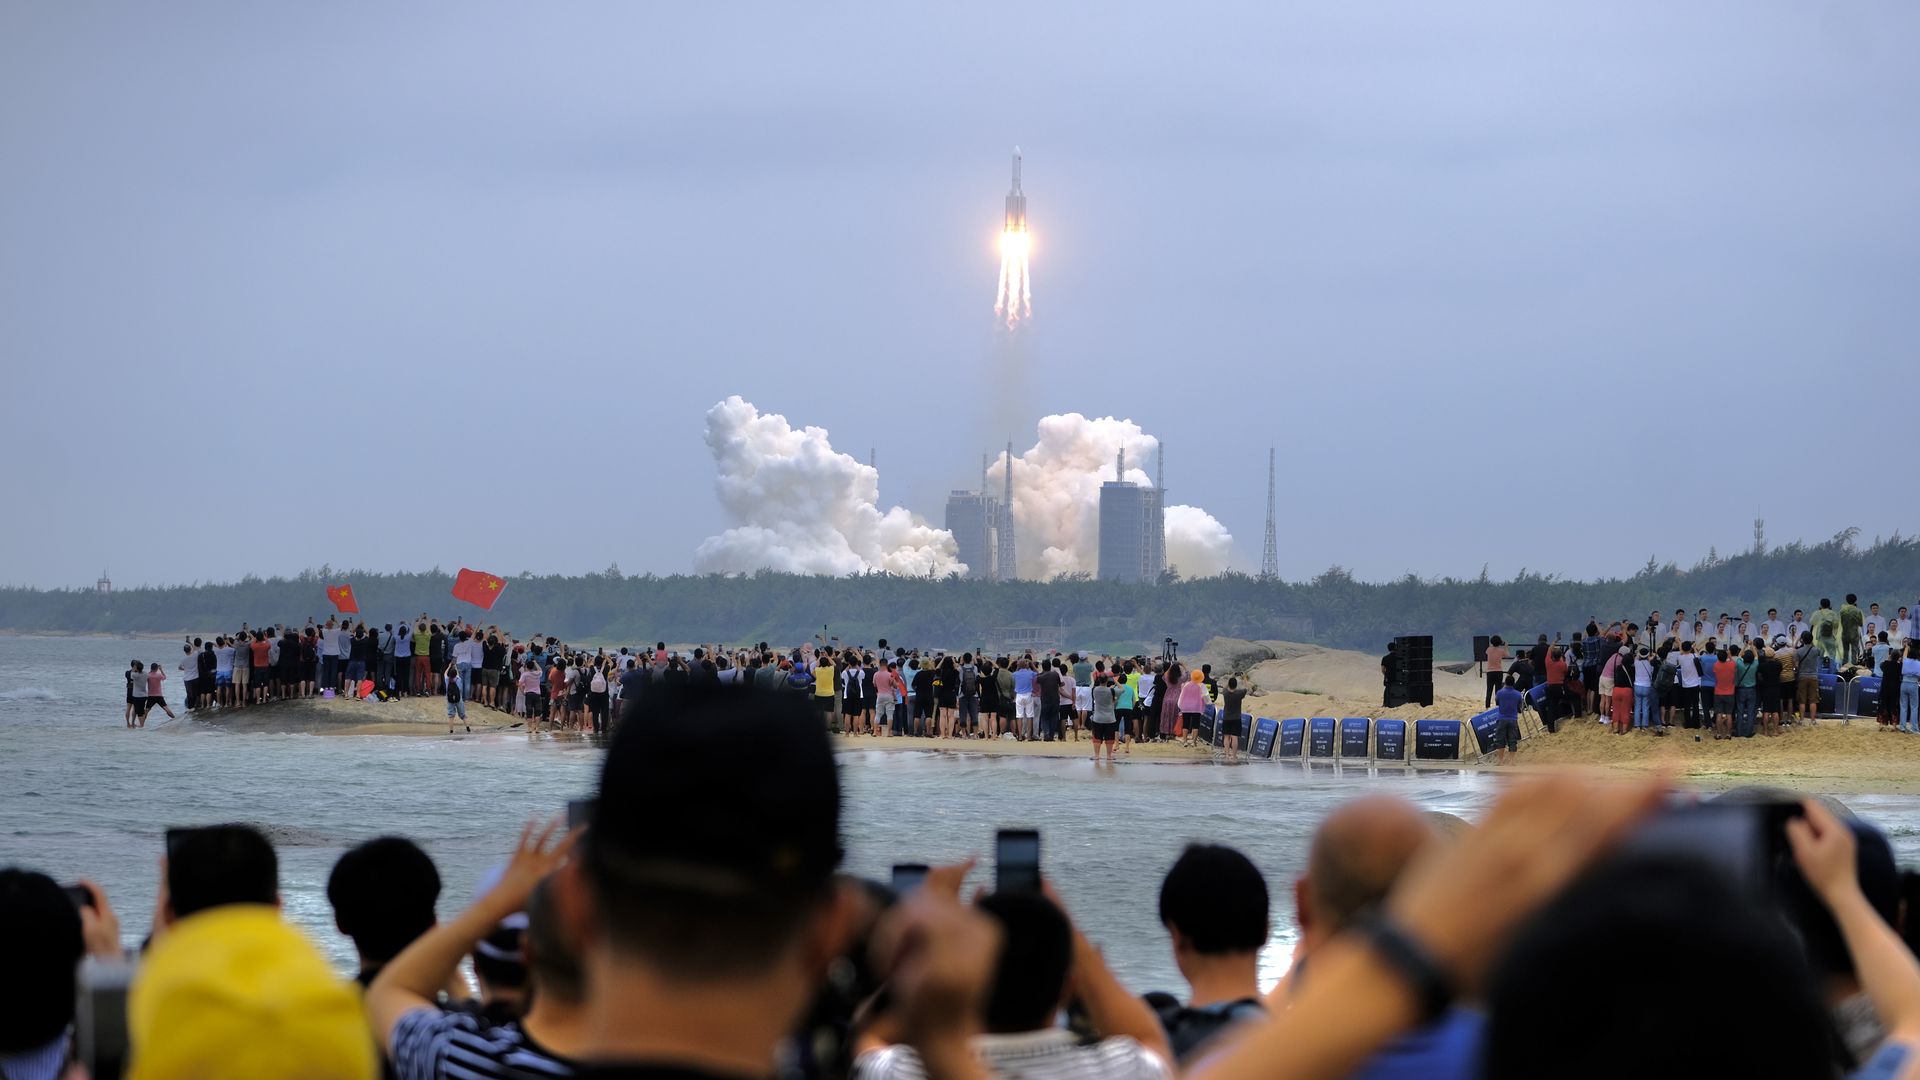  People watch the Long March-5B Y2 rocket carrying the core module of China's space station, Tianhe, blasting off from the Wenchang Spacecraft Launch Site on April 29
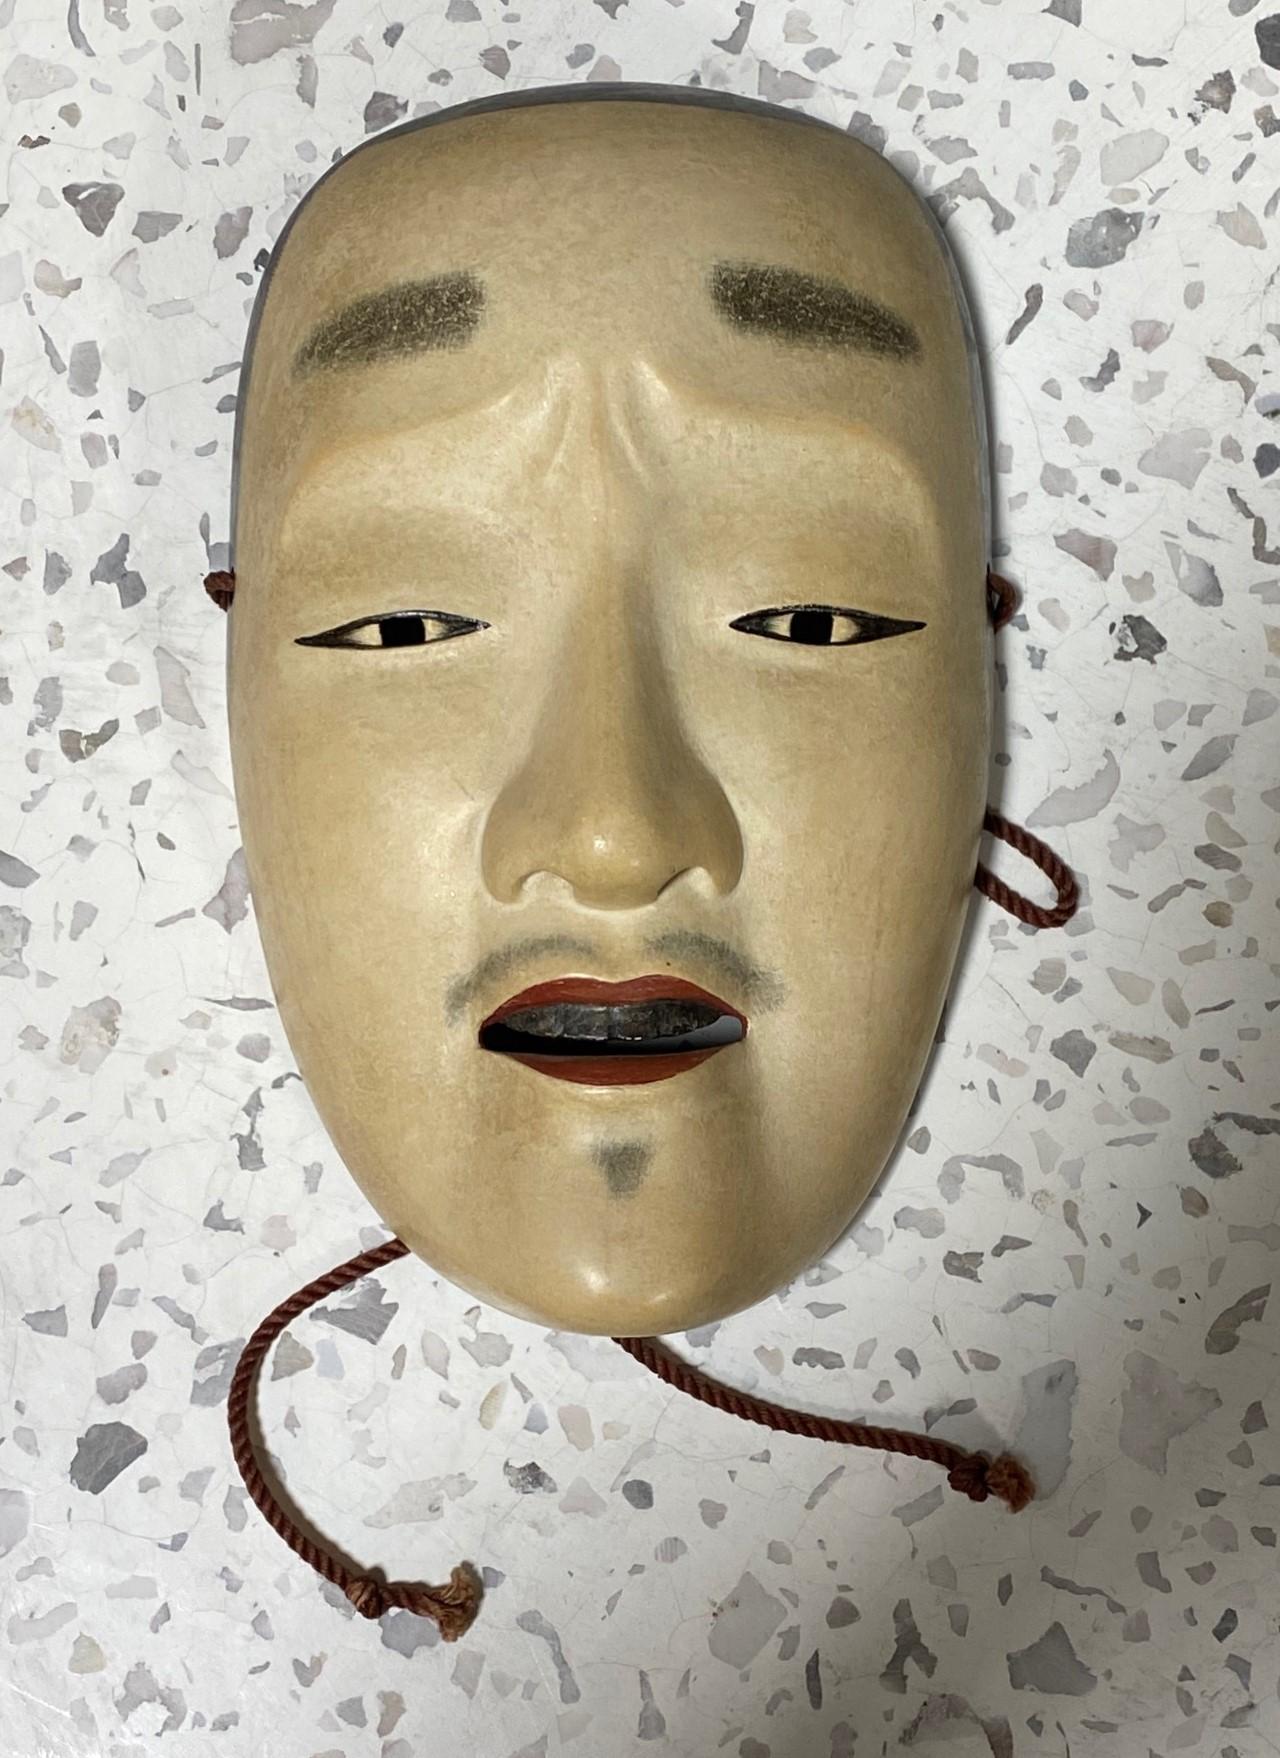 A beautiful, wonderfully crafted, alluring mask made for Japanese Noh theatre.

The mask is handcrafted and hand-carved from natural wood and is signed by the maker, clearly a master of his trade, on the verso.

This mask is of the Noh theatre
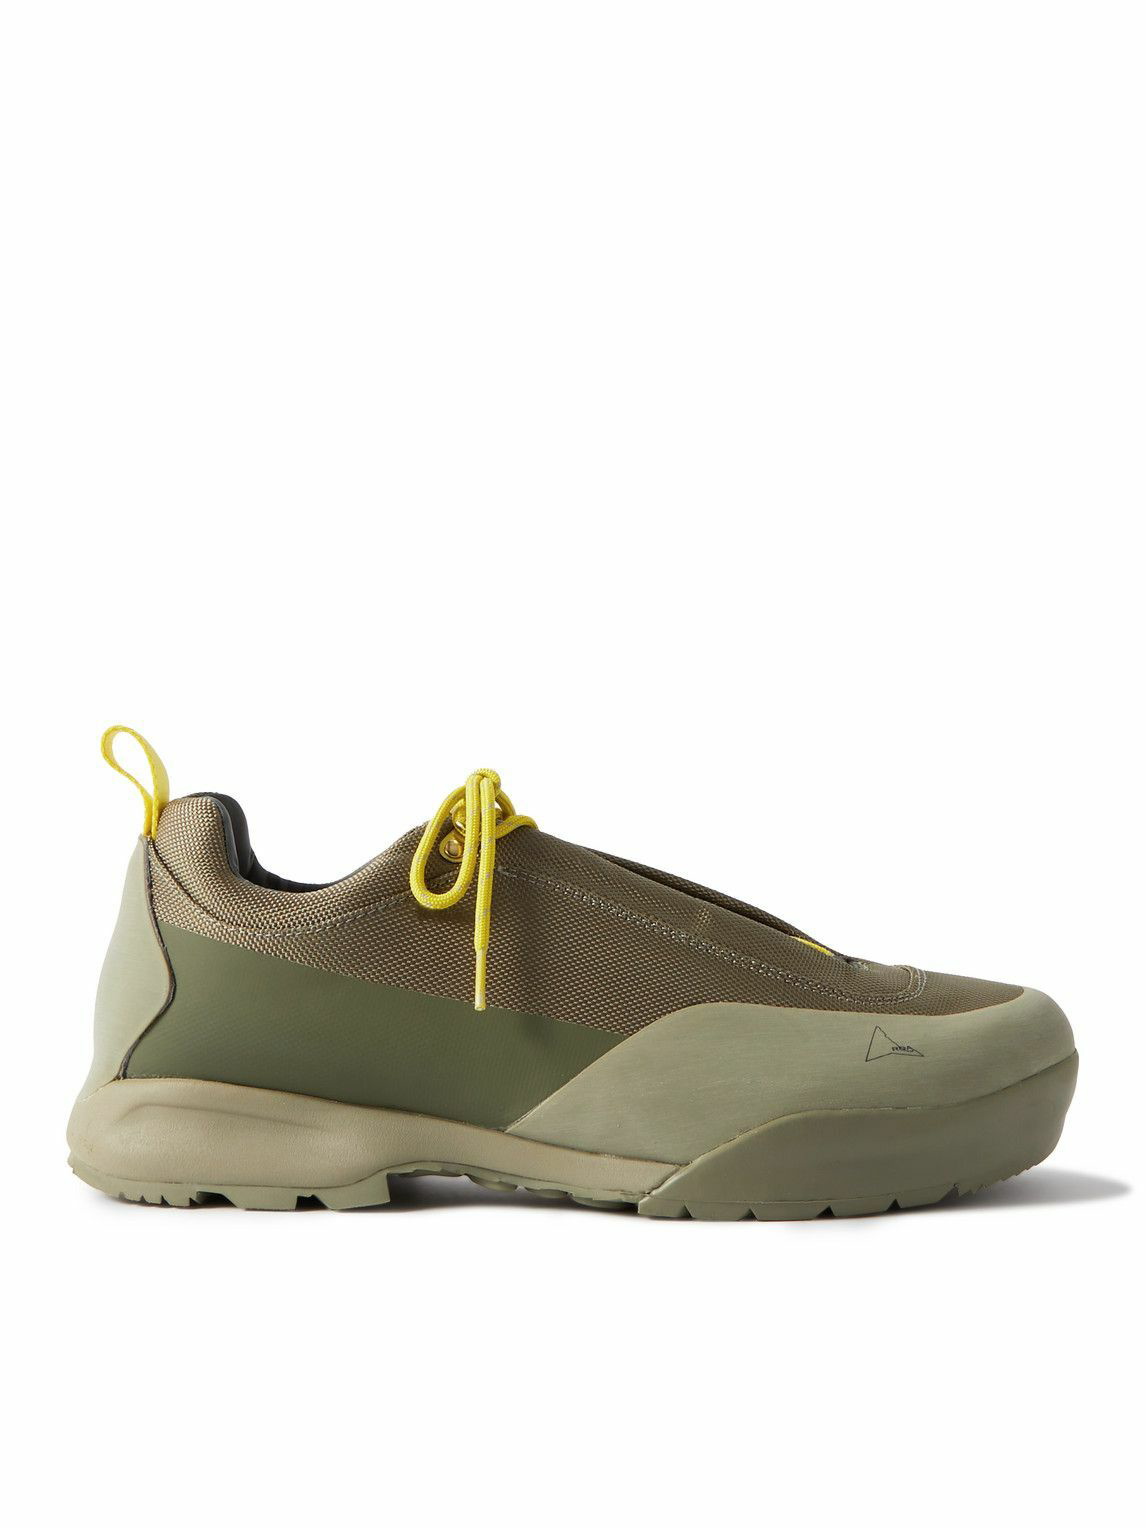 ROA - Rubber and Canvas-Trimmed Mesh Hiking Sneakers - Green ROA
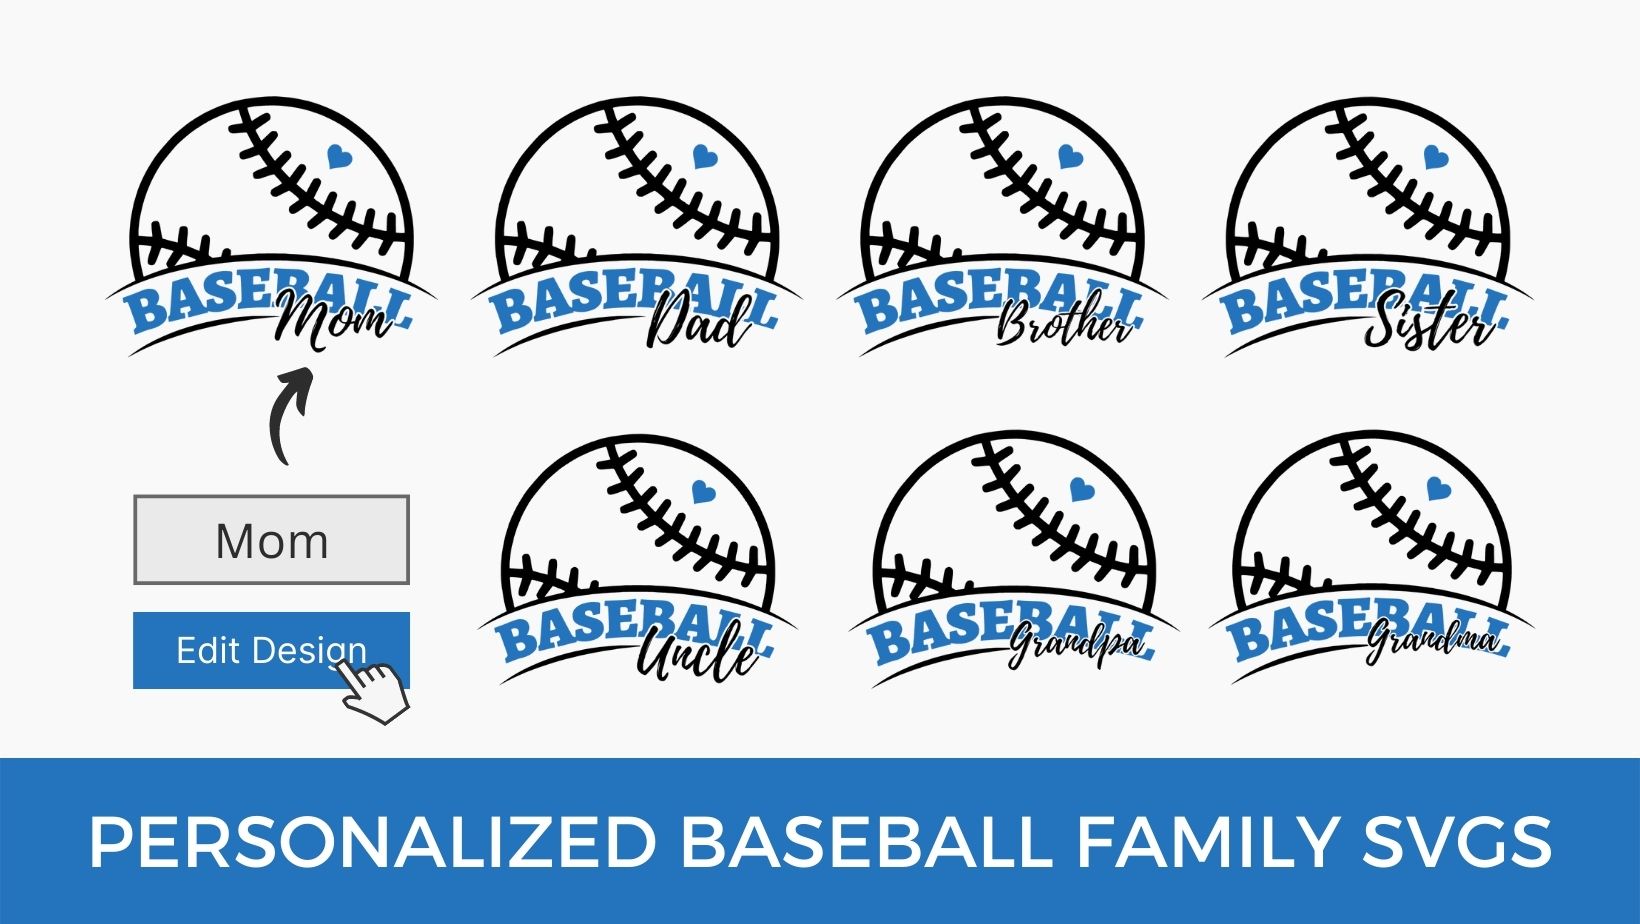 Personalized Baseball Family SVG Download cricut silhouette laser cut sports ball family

• _Work task_: Give the listing again word for word. Skip every image.

• _Output below_:
  People watch the Long March-5B Y2 rocket carrying the core module of China's space station, Tianhe, blasting off from the Wenchang Spacecraft Launch Site on April 29
 A beautiful, wonderfully crafted, alluring mask made for Japanese Noh theatre.

The mask is handcrafted and hand-carved from natural wood and is signed by the maker, clearly a master of his trade, on the verso.

This mask is of the Noh theatre
 ROA - Rubber and Canvas-Trimmed Mesh Hiking Sneakers - Green ROA
 Personalized Baseball Family SVG Download cricut silhouette laser cut sports ball family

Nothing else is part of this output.